While some hospitals today allow newborns to room-in with their mothers, others persist in routinely separating mother and infant for a period of time immediately following birth, then often only bringing them together for three or four periods during the day. The idea is to prevent newborn infections and to enable mother to rest. Mothers who receive a lot of drugs or anesthesia during birth do need time to recuperate before they can begin to care for their newborn, and time is also needed to let the primary effects of the drugs wear off the newborn. Most infants experience some form of respiratory depression when narcotics are used during labor and birth and need more careful monitoring. Even then, the infant can almost always be held in father's arms instead of being placed in a nursery. Given that drugs enter the baby in higher amounts and remain in the liver and brain, it is often weeks, even months, before all traces pass out of a baby's system.
For the greater majority of newborns who do not need intensive care, procedures that are sometimes deemed necessary to be done in the nursery, can as readily be done wherever mother and baby are comfortable - by the bedside, on the sofa - with the whole family participating. Heart rate, lung sounds, muscle tone reflexes and skin color can all be assessed while baby is lying on mother's body or in her arms. Washing the baby is often not necessary, especially after a water-birth. Or, she can be gently immersed in a basin filled with warm water, approximating the conditions of the womb. In healthy newborns with good respiratory function, these procedures can be delayed for, at the very least, an hour. In many home births, as long as the baby looks whole and healthy--as is usually so - delay these procedures for days.

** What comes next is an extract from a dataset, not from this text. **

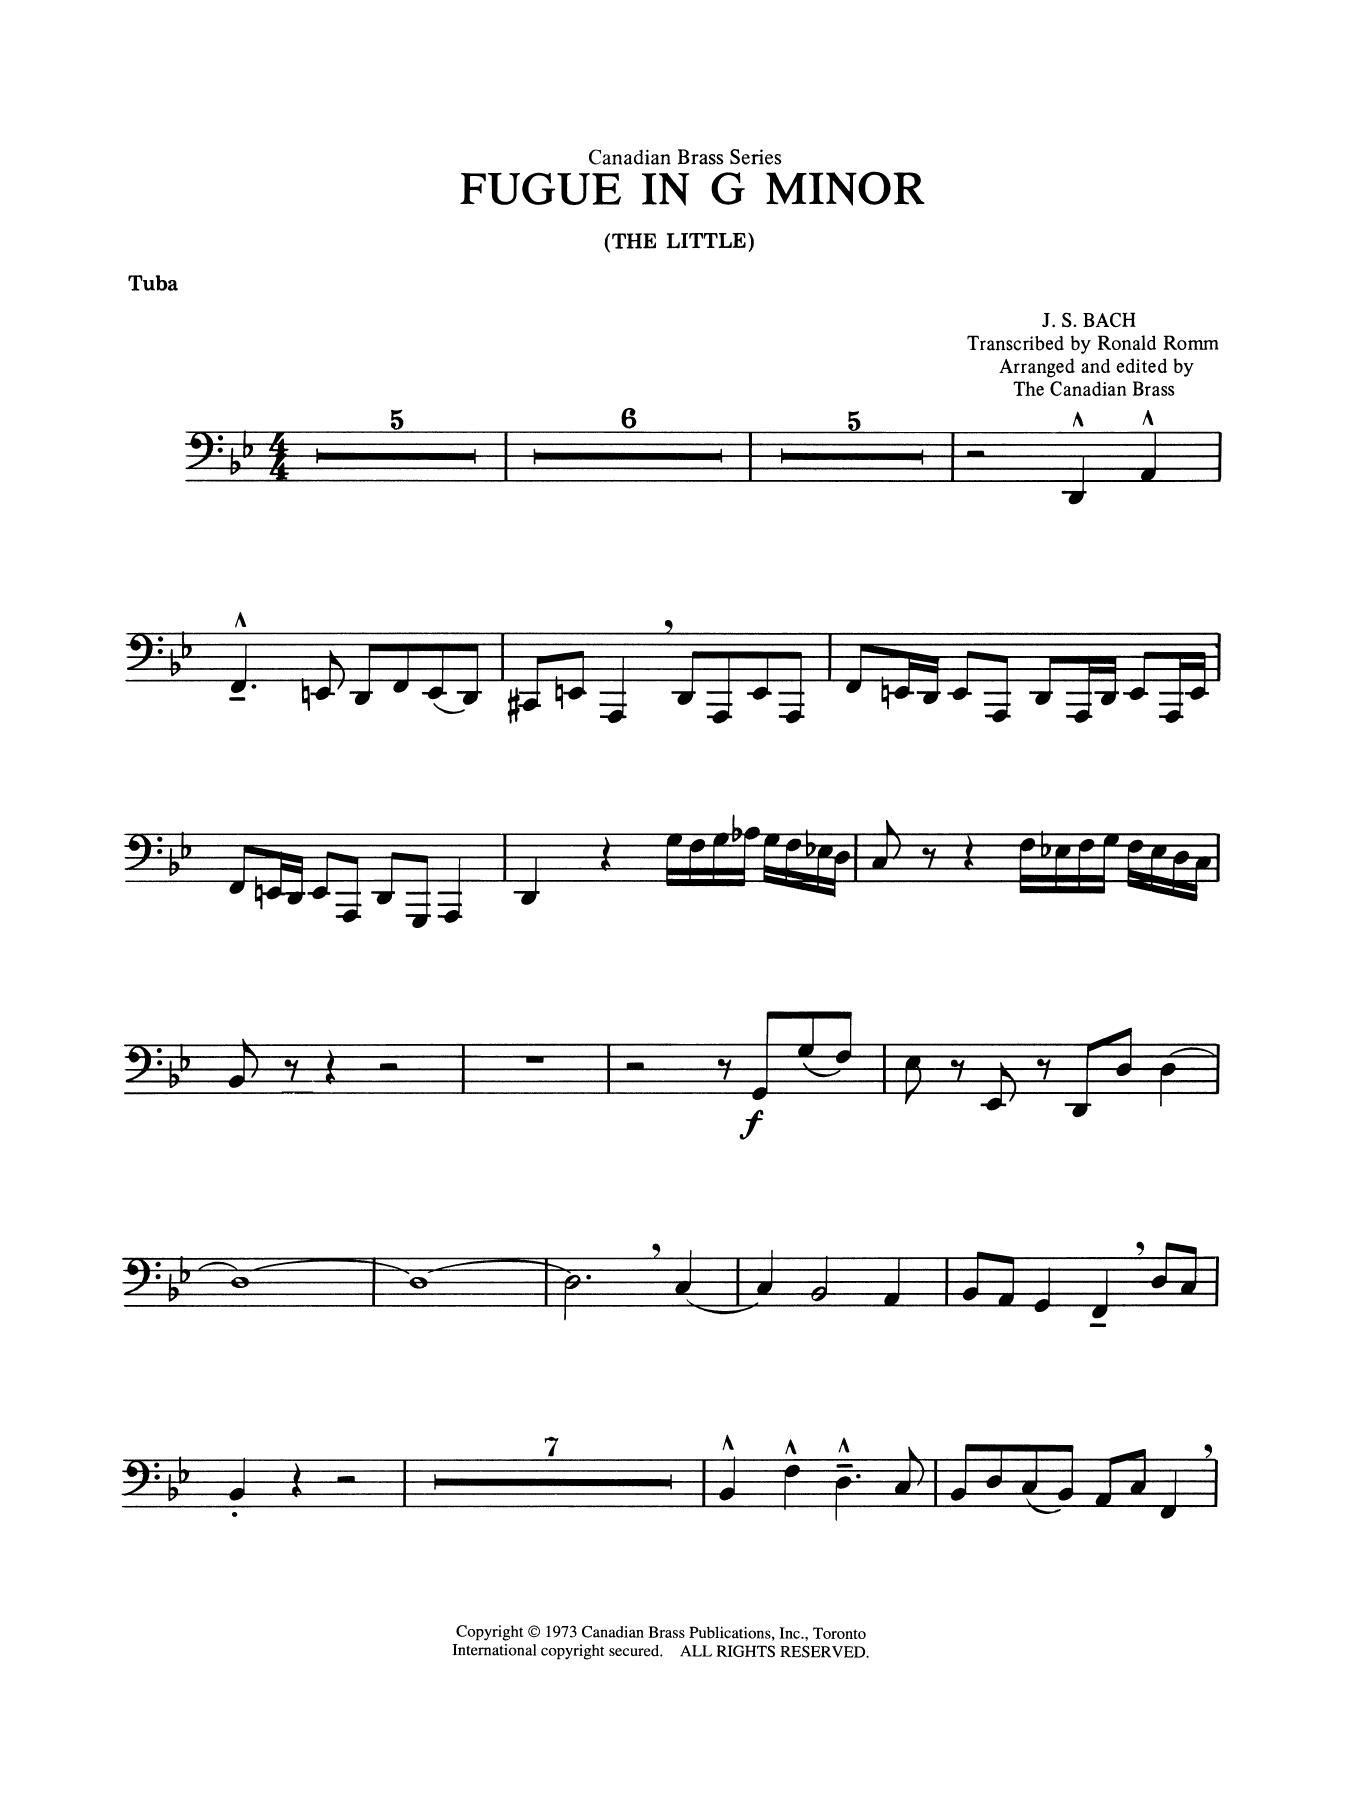 Fugue in G minor - Tuba Sheet Music

The physical passage of the baby from inter-uterine to extra-uterine life means loss on may levels. Many women enjoy being pregnant, feeling their babies inside, and exulting in their increased self-awareness and sensitivity. A lot of attention is focused on the woman when she is pregnant. As soon as the baby is born, everything and everyone is focused around the baby's needs. Many women also feel a sense of loss when the actual birth does not match their expectations. The feelings at the time of birth are numerous--and it is sometimes hard for a mother to sort out just what is going on--these symptoms are directly related to her grief over the loss, real or imagined. The easiest way to ease her emptiness is immediate and continuing contact with her baby. - Barbara Harper
The neonatal intensive care unit (NICU), where stress and pain are virtually inevitable elements of the environment, is a particularly dangerous place for babies. A dramatic example is the report of a Seattle pediatrician's experience treating a desperately ill baby in his hospital's NICU. Hooked up to a battery of life-support machines, the baby was bombarded by the lights and jarring sounds typical of any NICU. The child was turning blue. Determining that the infant was going to die anyway, the doctor took him off life support, shut off all the machines, turned off the lights, and lifting the baby from the crib, rocked him gently in his arms. Within minutes the baby turned pink and made a complete recovery.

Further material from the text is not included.